Les puissances en guerre contre Daech s’affrontent sur les modalités pour vaincre le groupe djihadiste. Mercredi 26 octobre, la Turquie a annoncé qu’elle entendait poursuivre son offensive militaire dans le nord de la Syrie jusqu’à la prise de la ville d’Al-Bab malgré les menaces du régime syrien et l’attaque mardi contre des rebelles pro-turcs.
L’opération « Bouclier de l’Euphrate » entamée il y deux mois a pour objectif de chasser les combattants de l’Etat islamique de la région frontalière et d’empêcher que ce repli profite aux miliciens kurdes des Unités de protection du peuple (YPG) qu’Ankara considère comme l’émanation du PKK. Recep Tayyip Erdogan n’entend pas rester à l’écart de la bataille de Mossoul, tout comme celle qui s’annonce à Raqqa tandis que le ministre des Affaires étrangères turc Mevlut Cavusoglu a déclaré que cette opération doit être menée par les forces locales et ne doit pas impliquer les miliciens kurdes des Unités de protection du peuple (YPG).

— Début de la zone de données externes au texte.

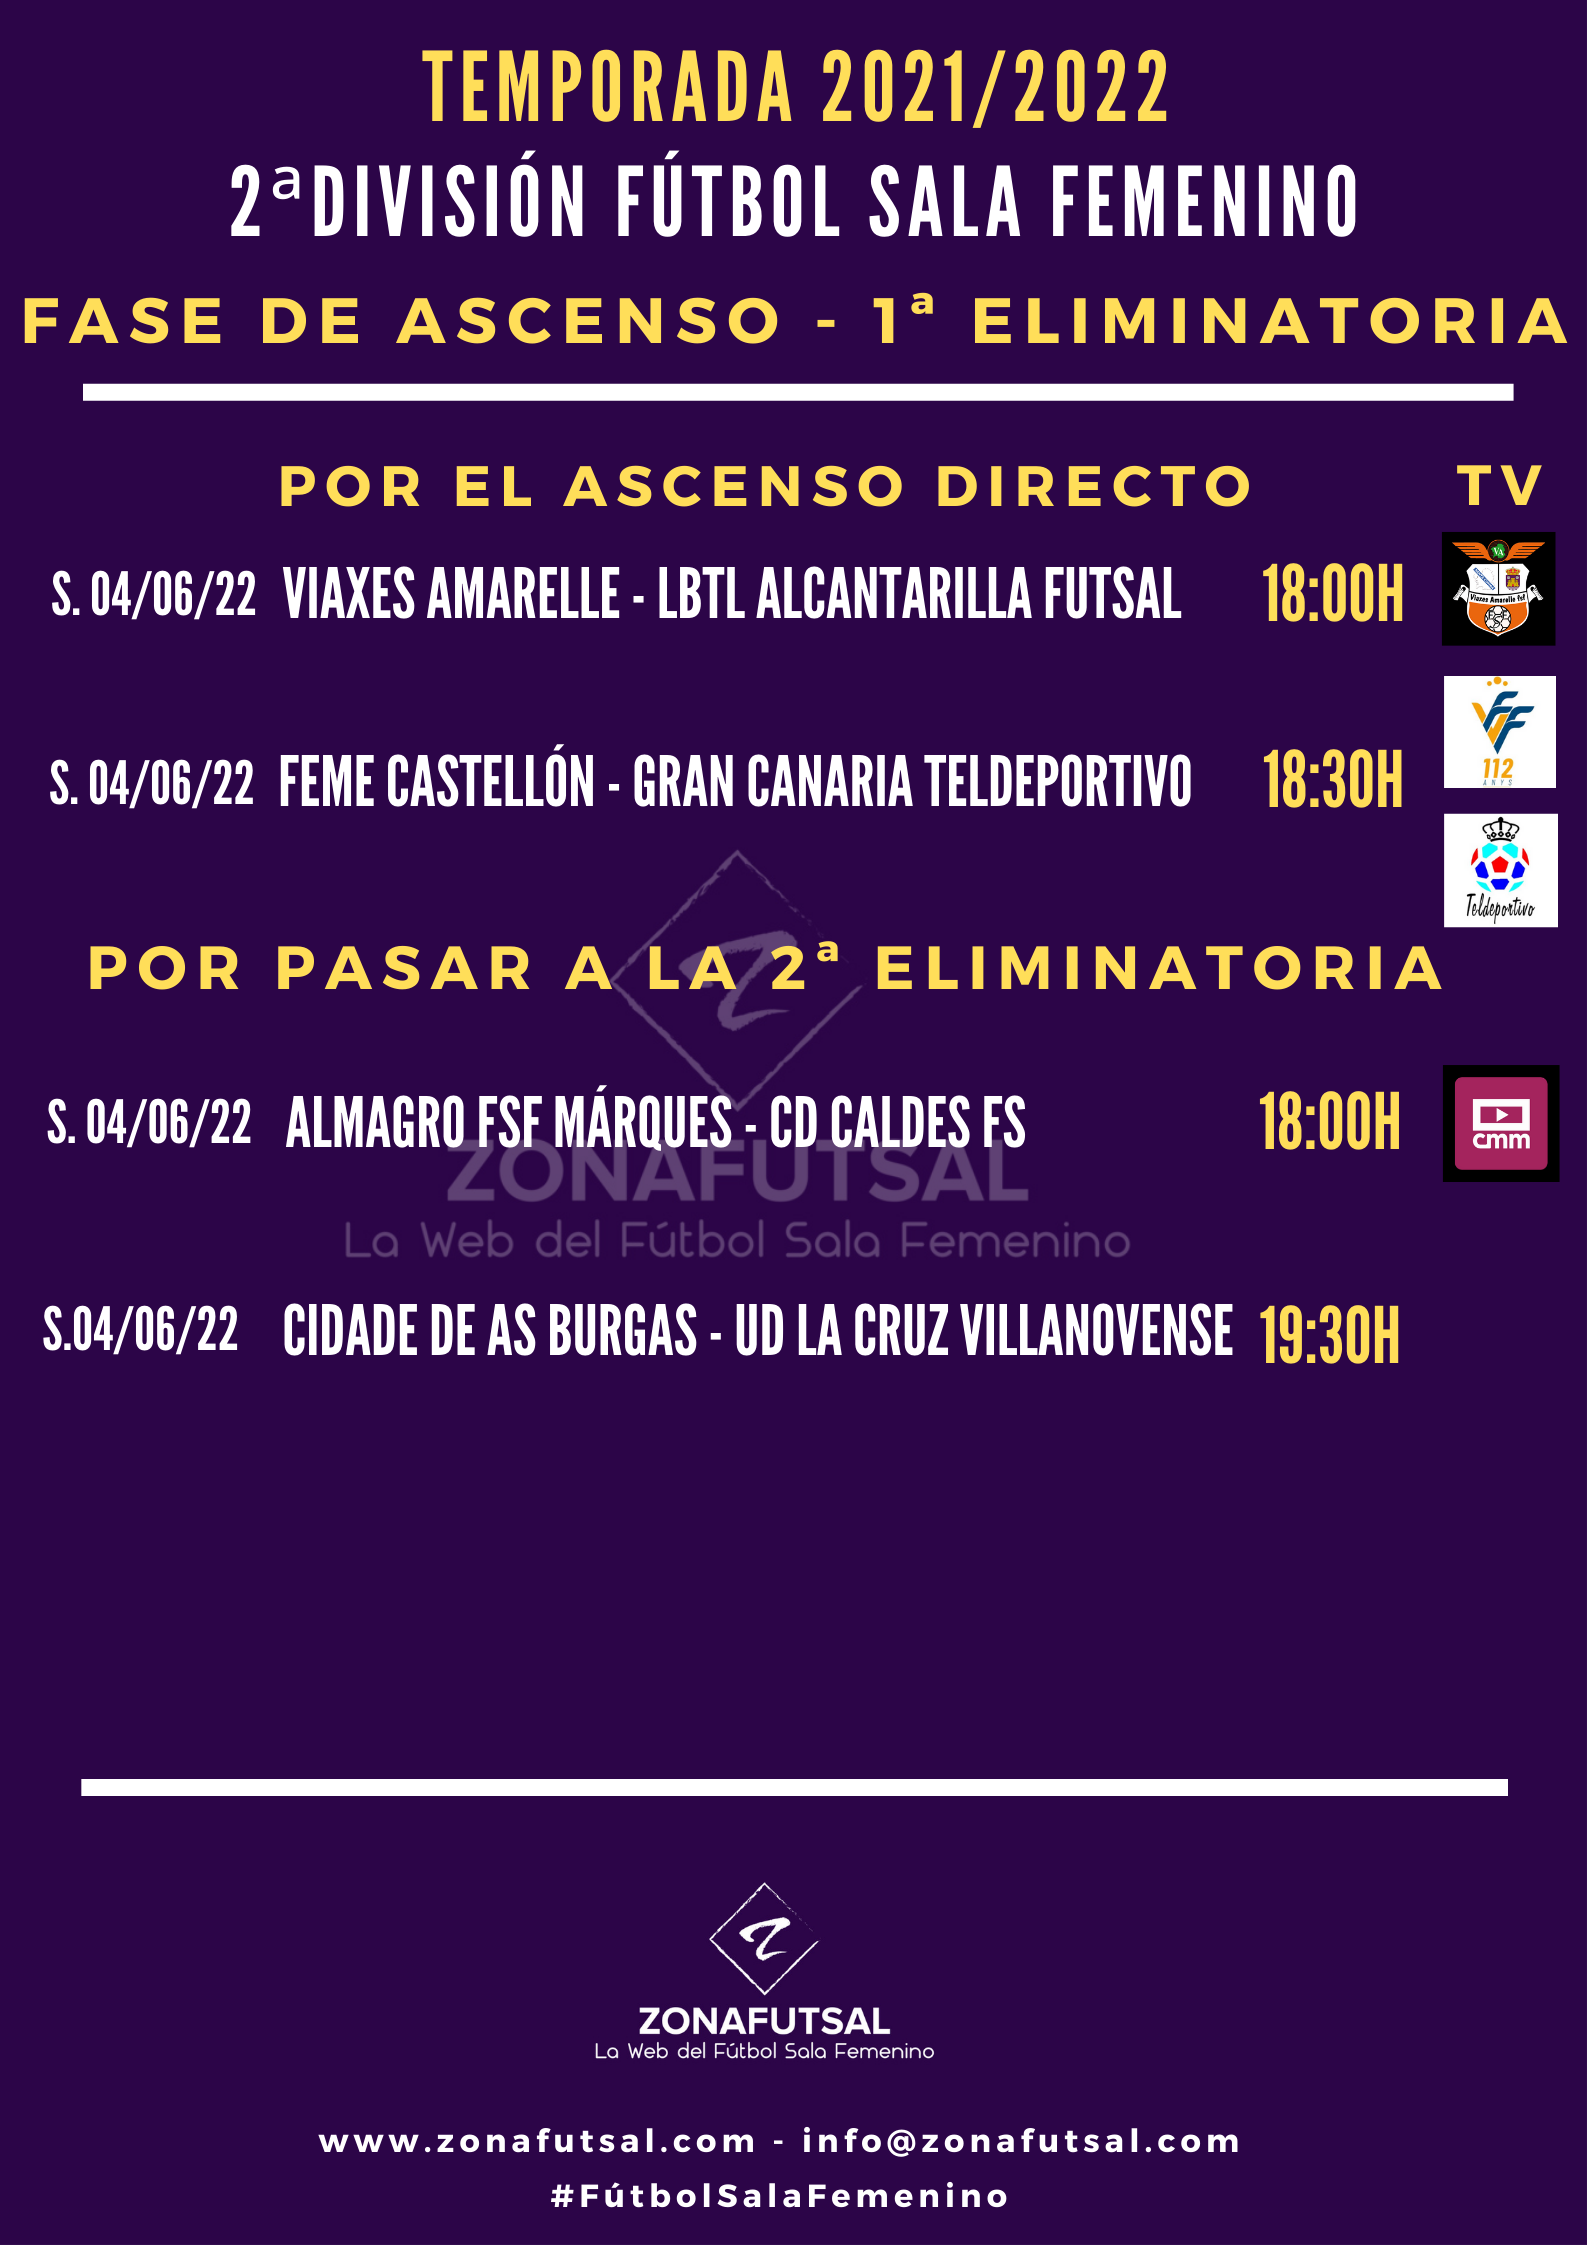 Horarios y Emisiones de la 1ª Eliminatoria Play Off Ascenso a 1ª División Fútbol Sala Femenino.

De leur côté, les responsables iraniens voient d’un mauvais œil la participation de la Turquie à l’offensive contre le fief historique de l’EI en Irak et n’ont pas tardé pour le faire savoir. Le commandant en chef des troupes soutenant le régime syrien a lancé un avertissement à la Turquie affirmant que tout progression turque en direction de leurs positions au nord et à l’est d’Alep ferait l’objet d’une réponse « décisive et d’un recours à la force ».
Autre point sensible dans la guerre contre Daech, l’implication de la Russie. Face à des Occidentaux en retrait, le président russe a multiplié les postures intimidantes pour maintenir un avantage géostratégique et prouver qu’il était un acteur incontournable au Moyen-Orient. Ainsi, après avoir fait patrouiller l’an passé des bombardiers à capacité nucléaire au large des côtes françaises et britanniques, un porte-avions russe vogue actuellement au large de l’Ecosse en direction de la Syrie où Vladimir Poutine mène la danse, en bombardant à Alep les rebelles armés par les Occidentaux, ainsi que des hôpitaux pour pousser les habitants à la fuite. Seule la ville de Mossoul, en Irak, ne dépend pas du bon vouloir de la Russie.
Depuis plusieurs années, la Russie a musclé son rapport de force avec les Occidentaux. En prenant le risque il y a quatre ans de soutenir un autocrate en pleines « révolutions arabes », Vladimir Poutine savait déjà qu’aucun pays occidental ne tenterait de destituer Bachar el-Assad. Il a donc attendu que l’Etat islamique se déploie, profitant du chaos ambiant pour agiter la menace islamiste et contraindre les Occidentaux à reconnaître que le Président syrien ne représentait pas une menace aussi grande que celle que constitue Daech.
L’annonce la semaine dernière du déploiement de missiles balistiques à capacité nucléaire Iskander dans l’enclave russe de Kaliningrad a crispé les Européens, à commencer par la Lituanie, première concernée. « Battage médiatique », a répliqué Igor Konachenkov, le porte-parole du ministère russe de la défense. Alors que le Kremlin reste maître du jeu sur le terrain militaire, jamais il n’a été aussi isolé diplomatiquement, en froid avec les Etats-Unis et les Européens, ce qui le rend que plus agressif à leur égard. Pourtant, Vladimir Poutine continue d’avancer ses pions sans frémir.
En tout état de cause, les dissensions actuelles entre les grandes puissances sur le dossier syrien prouvent que la chute de Mossoul sera le prélude à d’autres confrontations, plus fortes encore.